The ABC 80 (Advanced BASIC Computer 80) was a home computer engineered by the Swedish corporation Dataindustrier AB (DIAB) and manufactured by Luxor in Motala, Sweden in the late 1970s (first model August 1978) and early 1980s. It was based on the Zilog Z80 running at 3 MHz and had 16 KB RAM, expandable to 32 K, and 16 KB ROM containing a fast semi-compiling BASIC interpreter.
ABC 80 normally used a dedicated (included) tape recorder for program and data storage, but could also be expanded to handle disk drives (and many other peripherals). Some sound effects could be produced by a Texas Instruments SN76477 sound chip which was connected to an 8-bit output port, but there was no way to control the chip's features in any detail, so sound was limited to 96 fixed sounds. The monitor was a black and white TV set modified for the purpose (an obvious choice since Luxor also made TVs).
ABC 80 was also manufactured on license as BRG ABC80 by Budapesti Rádiótechnikai Gyár in Hungary. It used the same keyboard, but the case was metal instead of plastic.

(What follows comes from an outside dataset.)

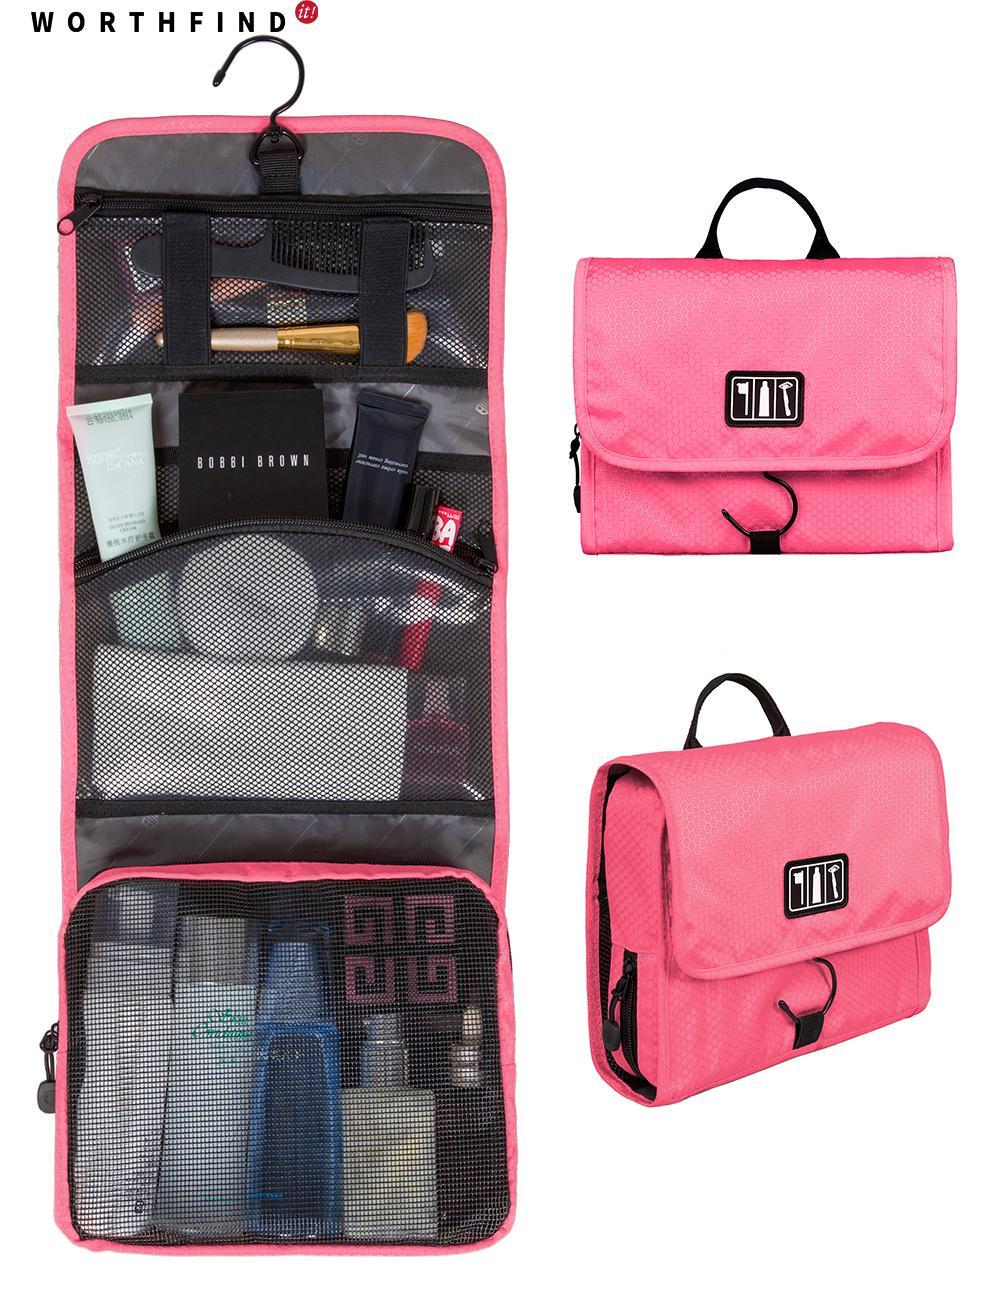 cce8981aa7 2019 WORTHFIND Toiletry Makeup Bag Waterproof Cosmetic Bag Large Women  Travel Storage HandBag Organizer Travel From Faaa

Luxor held on to its office market for a couple of years longer with the ABC 800 series, which had more memory and a 'high-resolution' graphics. In 1985 Luxor also tried to compete in the office market against the IBM PC with its ill-fated ABC 1600 and ABC 9000 series UNIX computers, but failed.
See also: Compis
BM1 BM2 BM3 BM4 BM5 BM6 BM7 BM8
ABC 80 Integer 0.3 1.1 3.5 3.5 3.6 5.8 9.3 6.5
ABC 80 Floating point 1.0 2.1 11.0 11.0 12.5 17.5 24.0 13.0
IBM PC 1.5 5.2 12.1 12.6 13.6 23.5 37.4 3.5
Apple III 1.7 7.2 13.5 14.5 16.0 27.0 42.5 7.5
VIC-20 1.4 8.3 15.5 17.1 18.3 27.2 42.7 9.9
ZX81 in "fast mode" 4.5 6.9 16.4 15.8 18.6 49.7 68.5 22.9
As seen from the table, the ABC 80 were up to 4.7 times as fast as the IBM PC using integers and up to 2.5 times as fast using floating point calculations. However, due to a sub-optimal exponentiation algorithm, the ABC 80 was slow on BM8 (which was fixed in the ABC 800). Compared to the cheap Sinclair ZX81, the ABC 80 was actually 15 times as fast on the simple loop of BM1 (with the ZX81 running in fast mode, i.e. without a continuous TV-picture).